17 September 2018
During a routine inspection
Ladysmith is a ‘care home’. People in care homes receive accommodation and nursing or personal care as single package under one contractual agreement. The Care Quality Commission (CQC) regulates both the premises and the care provided, and both were looked at during this inspection.
Ladysmith is a large service set over two floors and can support a maximum of 90 people with a range of health care needs. Some people who used the service were living with dementia and there was a separate part of the service upstairs equipped to meet their needs. All the bedrooms are for single use and all have en-suite facilities. There are communal rooms, bathrooms and toilets on each floor suitable for people’s diverse needs. At the time of the inspection, there were 31 people upstairs in Orchid and Lilac units and 42 people downstairs in Heather and Lavender units.

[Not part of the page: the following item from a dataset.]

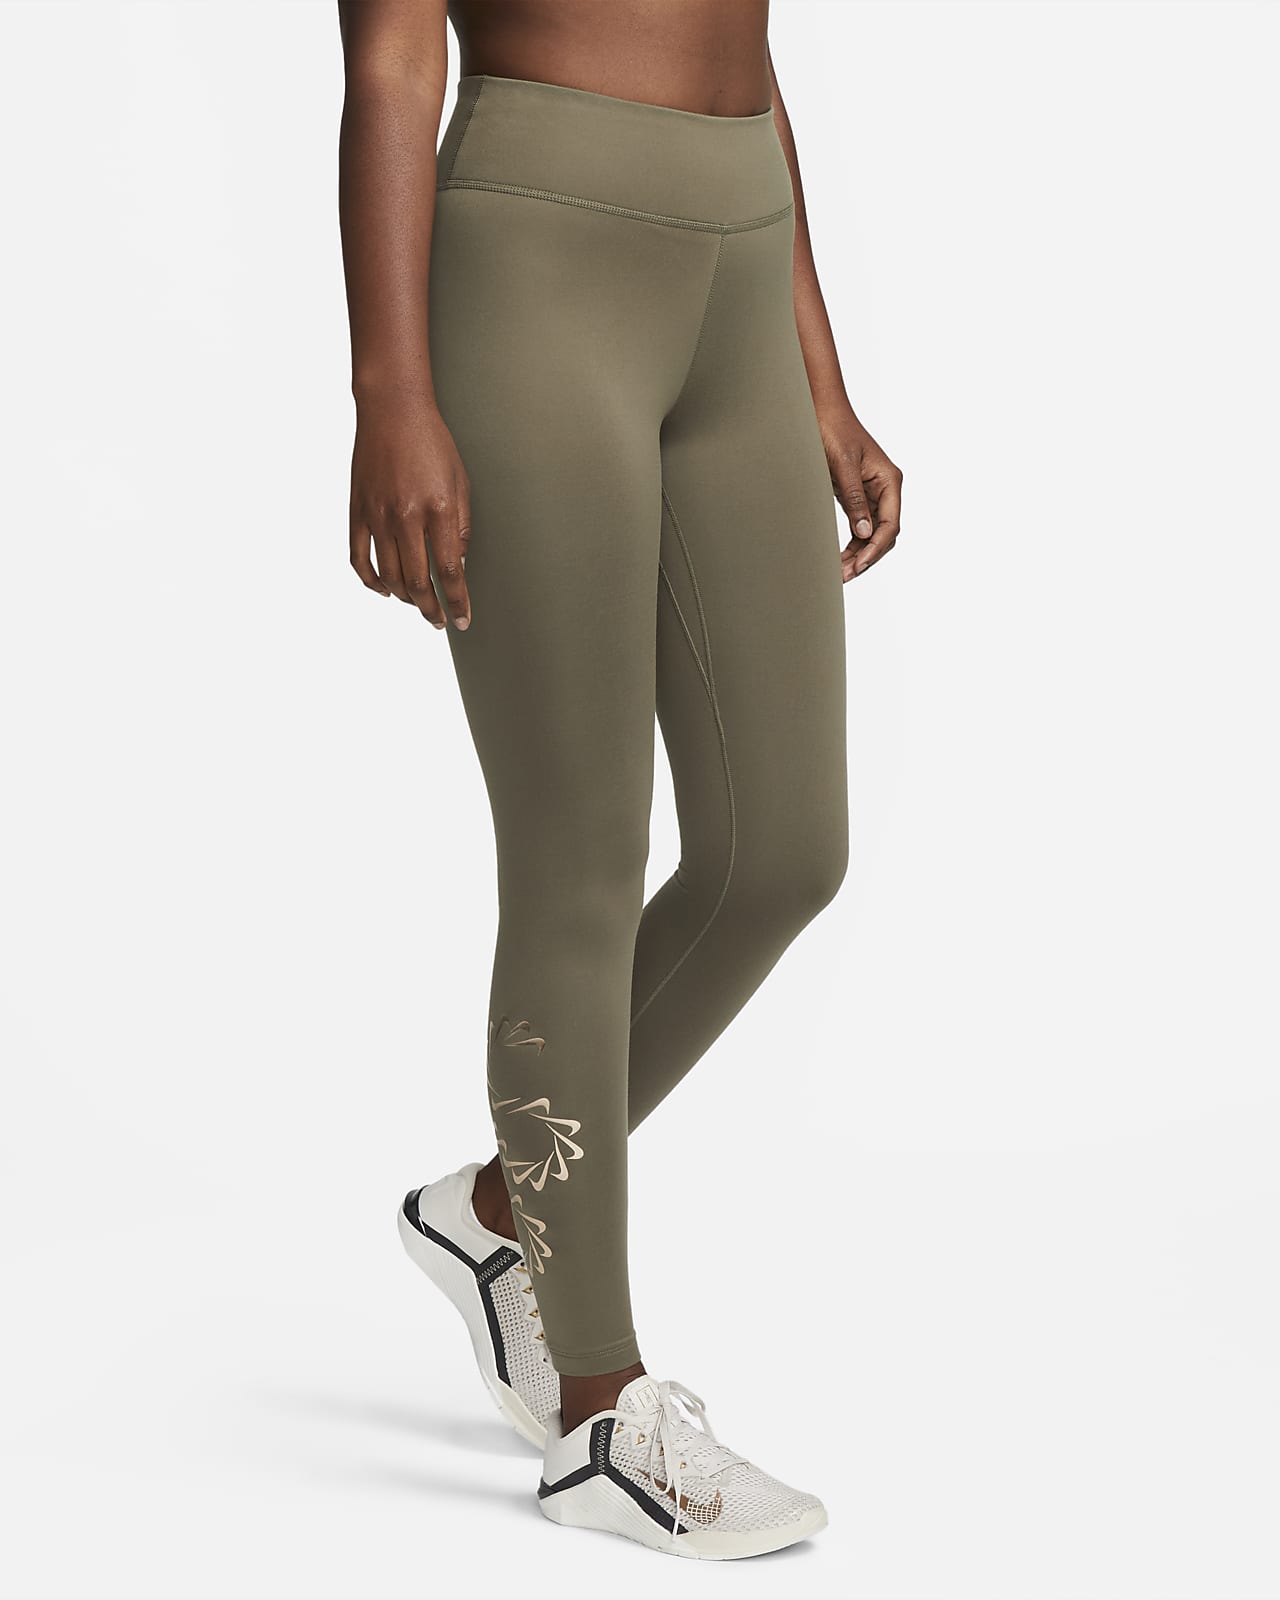 Γυναικείο κολάν προπόνησης μεσαίου ύψους με σχέδιο Nike Therma-FIT One

The service had a registered manager. A registered manager is a person who has registered with the Care Quality Commission to manage the service. Like registered providers, they are ‘registered persons’. Registered persons have legal responsibility for meeting the requirements in the Health and Social Care Act 2008 and associated Regulations about how the service is run. The registered manager was on annual leave so the deputy manager and provider supported the inspection.
The overall governance of the service had improved. Advice and support had been externally sourced, which had provided structure to quality monitoring and facilitated staff development. Audits and checks were completed. Meetings with people who used the service, their relatives and staff took place, and surveys were completed. Shortfalls were identified and a service development plan produced to drive improvements.
People had assessments of their needs and the care plans produced to meet them had improved. They were much more individualised; they included guidance for staff in how to meet people’s needs in ways they preferred.
People received their medicines as prescribed; there was an improvement in recording when items such as creams and lotions were applied. Medicines were stored safely and re-ordered in a timely way so people did not run out of them.
People were supported to have maximum choice and control of their lives and staff supported them in the least restrictive way possible; the policies and systems in the service supported this practice. The documentation for capacity assessments and to support best interest decisions had improved.
People’s health and nutritional needs were met. Staff supported people to access health professionals when required and they could remain in the service for end of life care if this was their choice. People liked the meals provided to them, although some people said they could be hotter when served and they would like an additional choice at the main meal. The registered manager told us they would address this with catering staff.
People who used the service and their relatives had positive comments about the staff team and their approach when supporting people. People’s privacy and dignity was respected.
Staff had completed safeguarding training and knew how to protect people from the risk of abuse. They completed risk assessments and supported people to carry out daily tasks with the minimum of risk involved, without removing their choice and decision-making.
Staff were recruited safely and there were sufficient staff deployed to meet people’s needs.
Staff had access to training, supervision, support and development. They described the management team as supportive and available when they needed to talk to them.
There was a complaints procedure displayed in the service and people felt able to raise concerns and complaints.
The environment was clean and tidy and staff had access to personal protective equipment to help prevent the spread of infection.